Attention Bottlenecks for Multimodal Fusion

Authors: Arsha Nagrani, Shan Yang, Anurag Arnab, Aren Jansen, Cordelia Schmid, Chen Sun

NeurIPS 2021 | Conference PDF | Archive PDF | Plain Text | LLM Run Details

Reproducibility Variable Result LLM Response
Research Type Experimental We conduct thorough ablation studies, and achieve state-of-the-art results on multiple audio-visual classification benchmarks including Audioset, Epic-Kitchens and VGGSound.
Researcher Affiliation Industry Arsha Nagrani Shan Yang Anurag Arnab Aren Jansen Cordelia Schmid Chen Sun {anagrani, shanyang, aarnab, arenjansen, cordelias, chensun}@google.com Google Research
Pseudocode No The paper describes the architecture and processes in detail but does not include structured pseudocode or algorithm blocks.
Open Source Code No All code and models will be released.
Open Datasets Yes We experiment with three video classification datasets Audio Set [21], Epic-Kitchens-100 [12] and VGGSound [10], described in more detail below.

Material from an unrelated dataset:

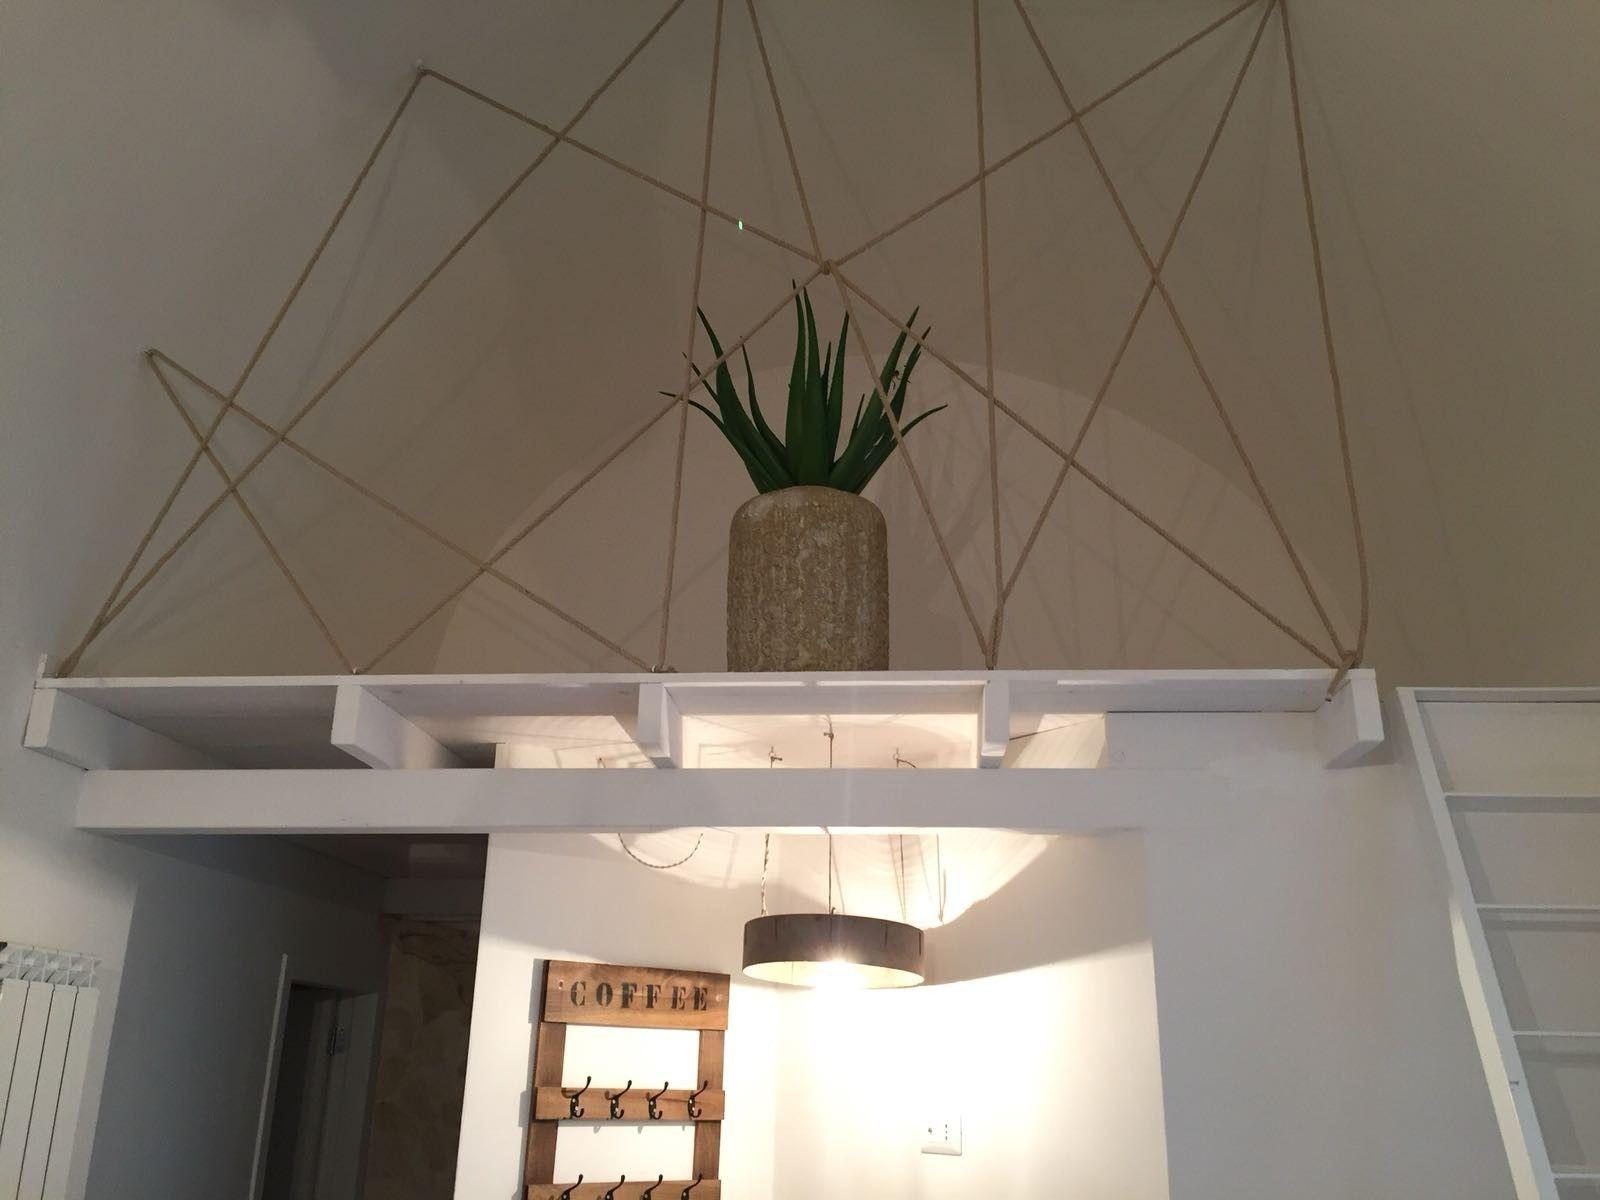 Best idee per decorare casa design in puglia with idee per abbellire casa - Idee casa unica ...

Dataset Splits No For Audio Set, the paper states '20,361 clips for the balanced train set (henceforth referred to as mini-Audio Set or mini AS) and 18,589 clips for the test set.' For VGGSound, '172,427 training and 14,448 test clips.' While train/test splits are provided, explicit details for a validation set split are not present.

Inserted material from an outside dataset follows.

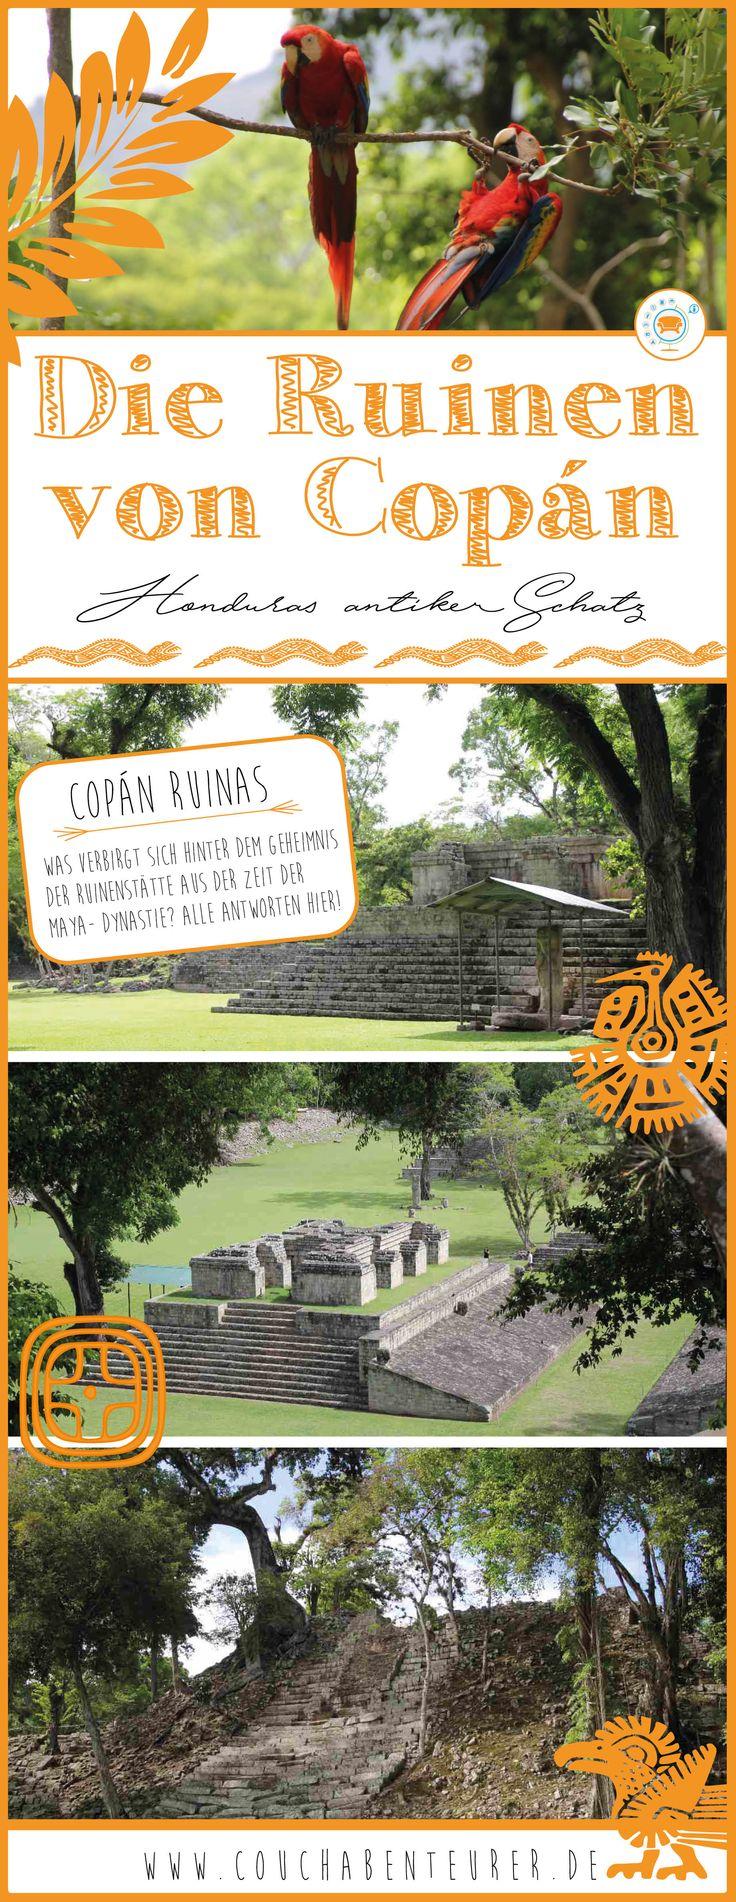 Copán Ruinas die Maya Stadt in Honduras hat mich gefesselt, inspiriert und in eine längst vergangene Zeit mitgenommen. Was sie so magisch macht, verrate ich hier!

Hardware Specification Yes All models (across datasets) are trained with a batch size of 64, synchronous SGD with momentum of 0.9, and a cosine learning rate schedule with warmup of 2.5 epochs on TPU accelerators using the Scenic library [13].
Software Dependencies No The paper mentions using the 'Scenic library [13]' but does not provide a specific version number for it.
Experiment Setup Yes Our backbone architecture follows that of Vi T [16] identically, specifically we use Vi T-Base (Vi T-B, L = 12, NH = 12, d = 3072)... Unless otherwise specialised, we use B = 4 bottleneck tokens for all experiments... We set the base learning rate to 0.5 and train for 50 epochs, using Mixup [59] with α = 0.3 and stochastic depth regularisation [27] with probability p = 0.3. All models (across datasets) are trained with a batch size of 64, synchronous SGD with momentum of 0.9, and a cosine learning rate schedule with warmup of 2.5 epochs.